Intuition

A point x on a plane defined by normal n and a point on the plane p obeys: n.(x - p) = 0. If a point y does not lie on the plane, n.(y -p) will not be equal to zero, so a useful way to define a cost is by |n.(y - p)|^2 . This is the squared distance of the point y from the plane.

With equal weights, you want to find an n that minimizes the total squared error when summing over the points:

f(n) = sum_i | n.(x_i - p) |^2

Now this assumes we know some point p that lies on the plane.

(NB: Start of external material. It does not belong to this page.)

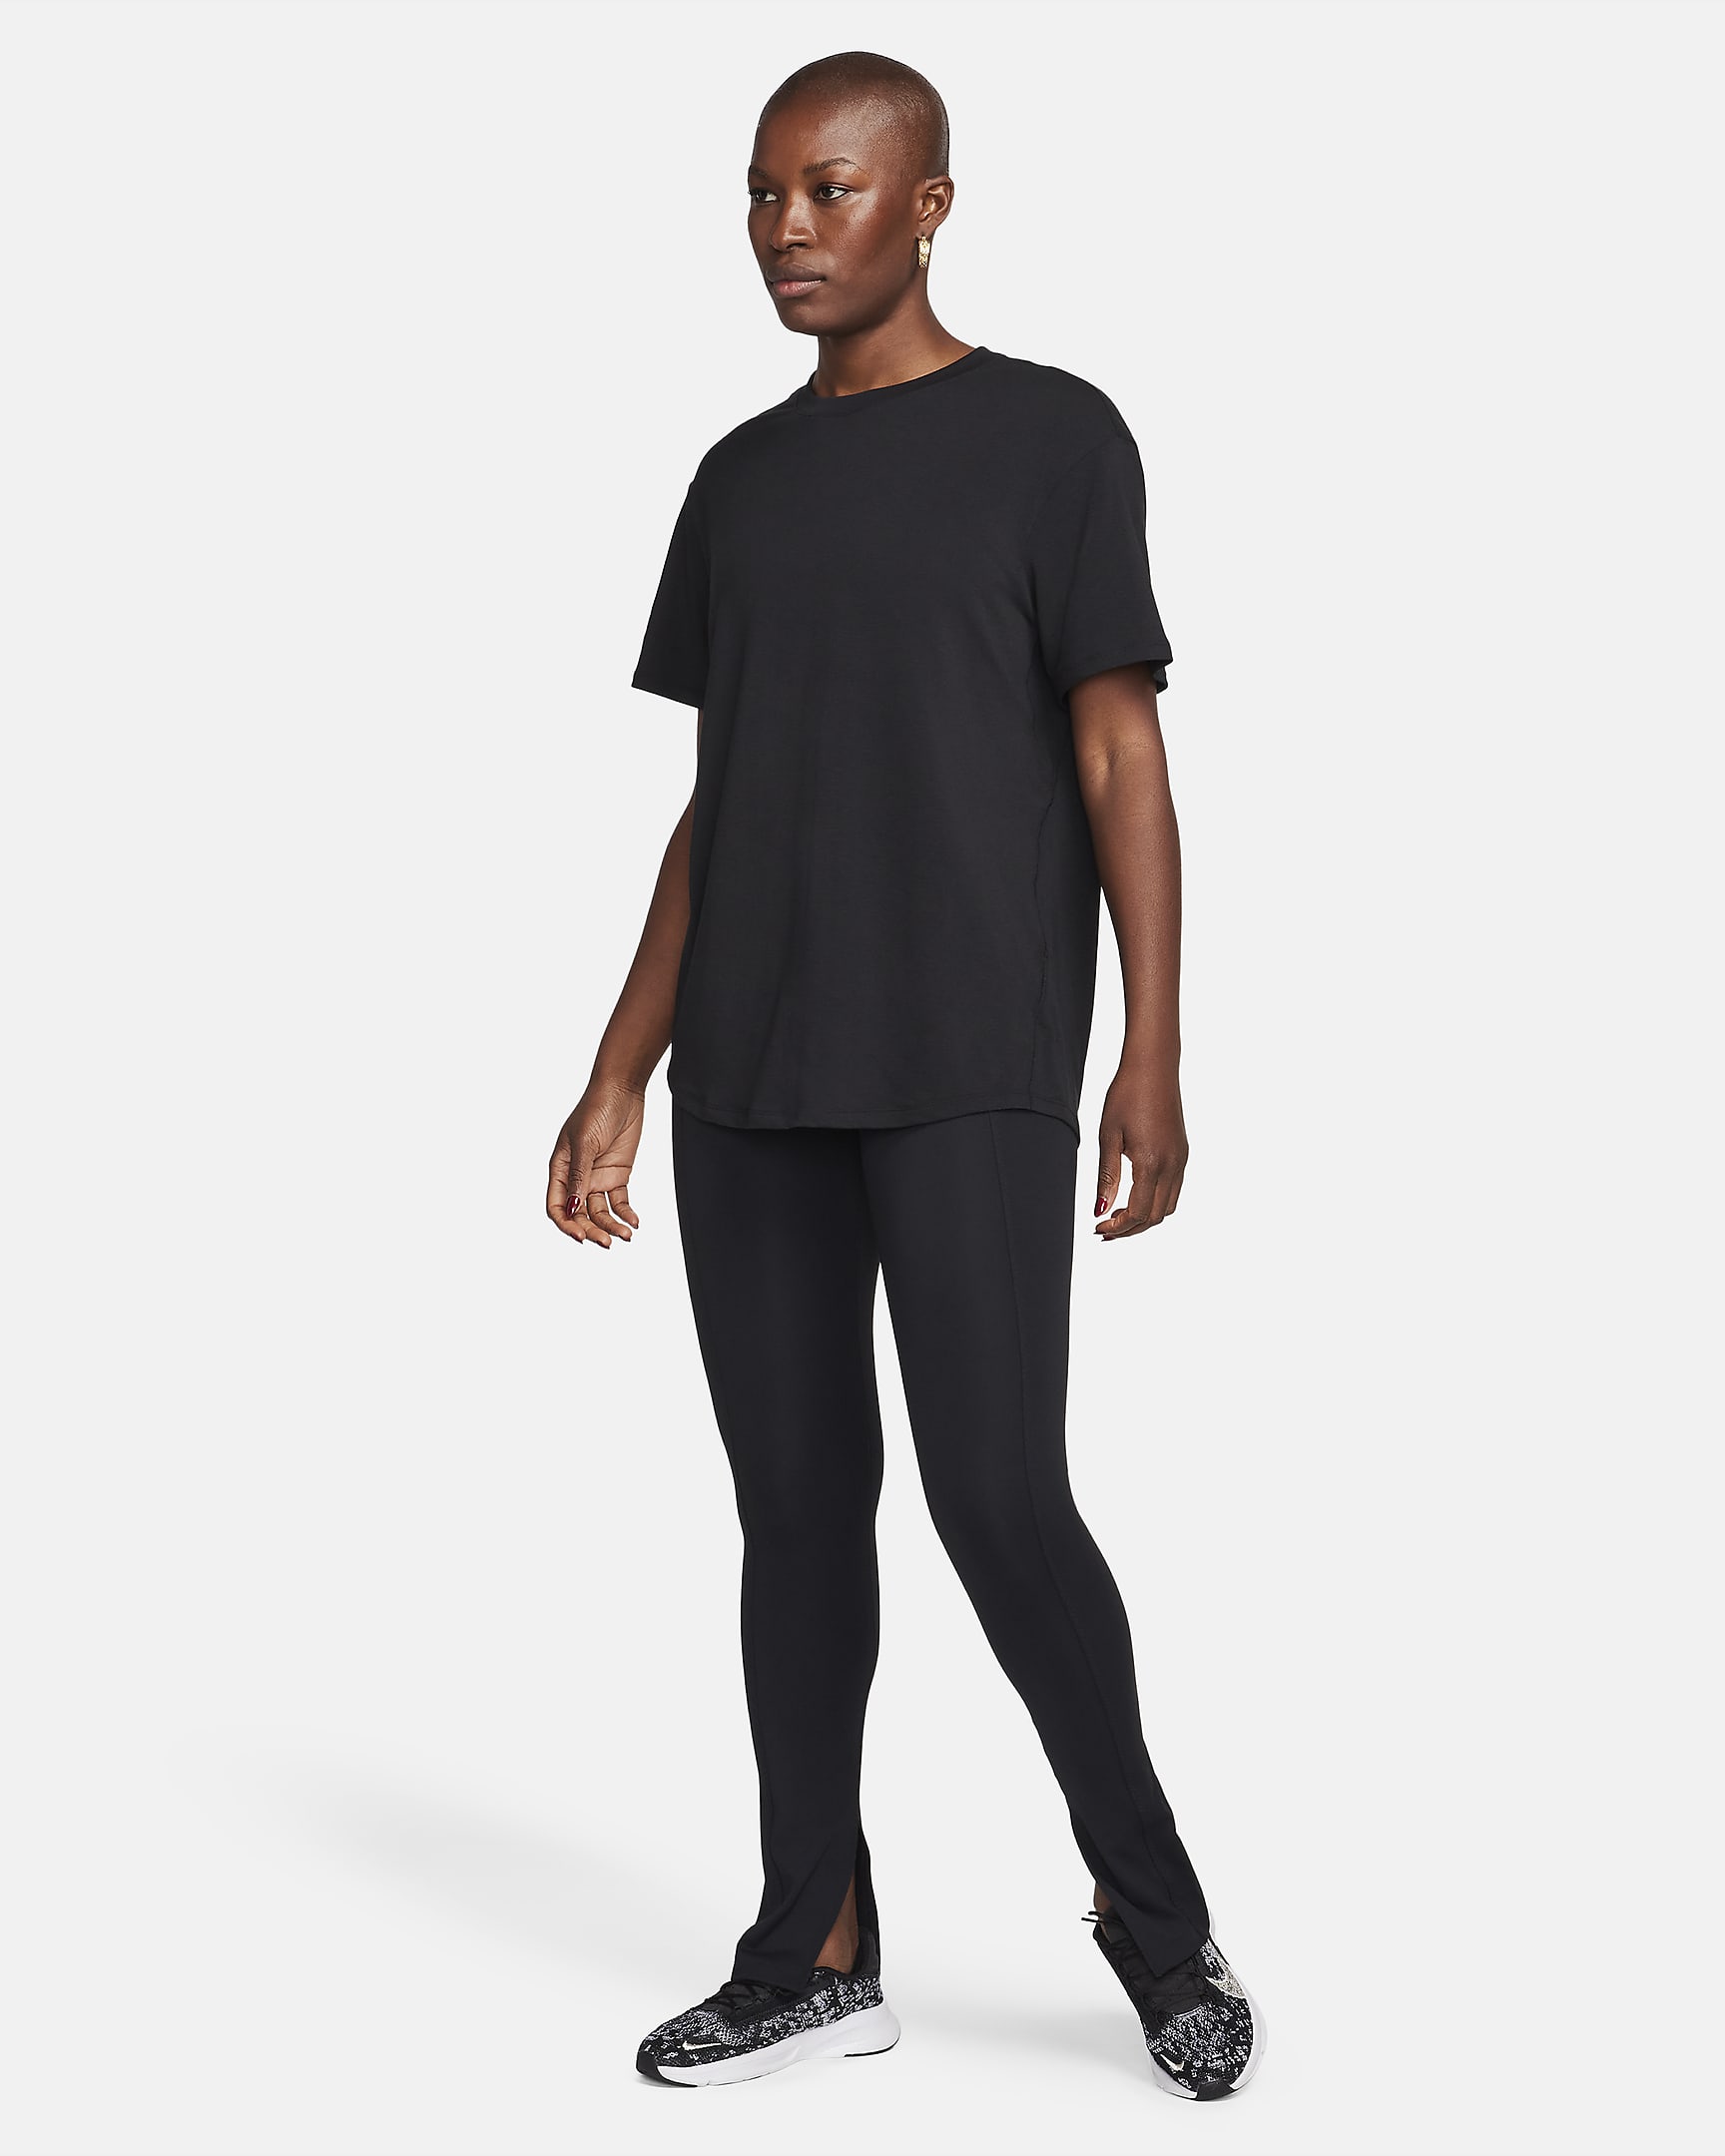 Nike One Relaxed Dri-FIT damestop met korte mouwen - Zwart/Zwart

We can easily compute one as the centroid, which is simply the component-wise mean of the points in the point cloud and will always lie in the least-squares plane.

Solution

Let's define a matrix M where each row is the ith point x_i minus the centroid c, we can re-write:

f(n) = | M n |^2

You should be able to convince yourself that this matrix multiplication version is the same as the sum on the previous equation.

You can then take singular value decomposition of M, and the n you want is then given by the right singular vector of M that corresponds to the smallest singular value.

To incorporate weights you simply need to define a weight w_i for each point. Calculate c as the weighted average of the points, and change sum_i | n.(x_i - c) |^2 to sum_i | w_i * n.(x_i - c) |^2, and the matrix M in a similar way. Then solve as before.

Multiply each term in each sum by the corresponding weight. For example:

fSumZ += weight * pos[2];
fSumXX += weight * pos[0]*pos[0];

Since pointCloude.size() is the sum of 1 for all points, it should be replaced with the sum of all weights.

Start from redefining the least-square error calculation. The formula tries to minimize the sum of squares of errors. Multiply the squared error by a function of two points which decreases with their distance. Then try to minimize the weighted sum of squared errors and derive the coefficients from that.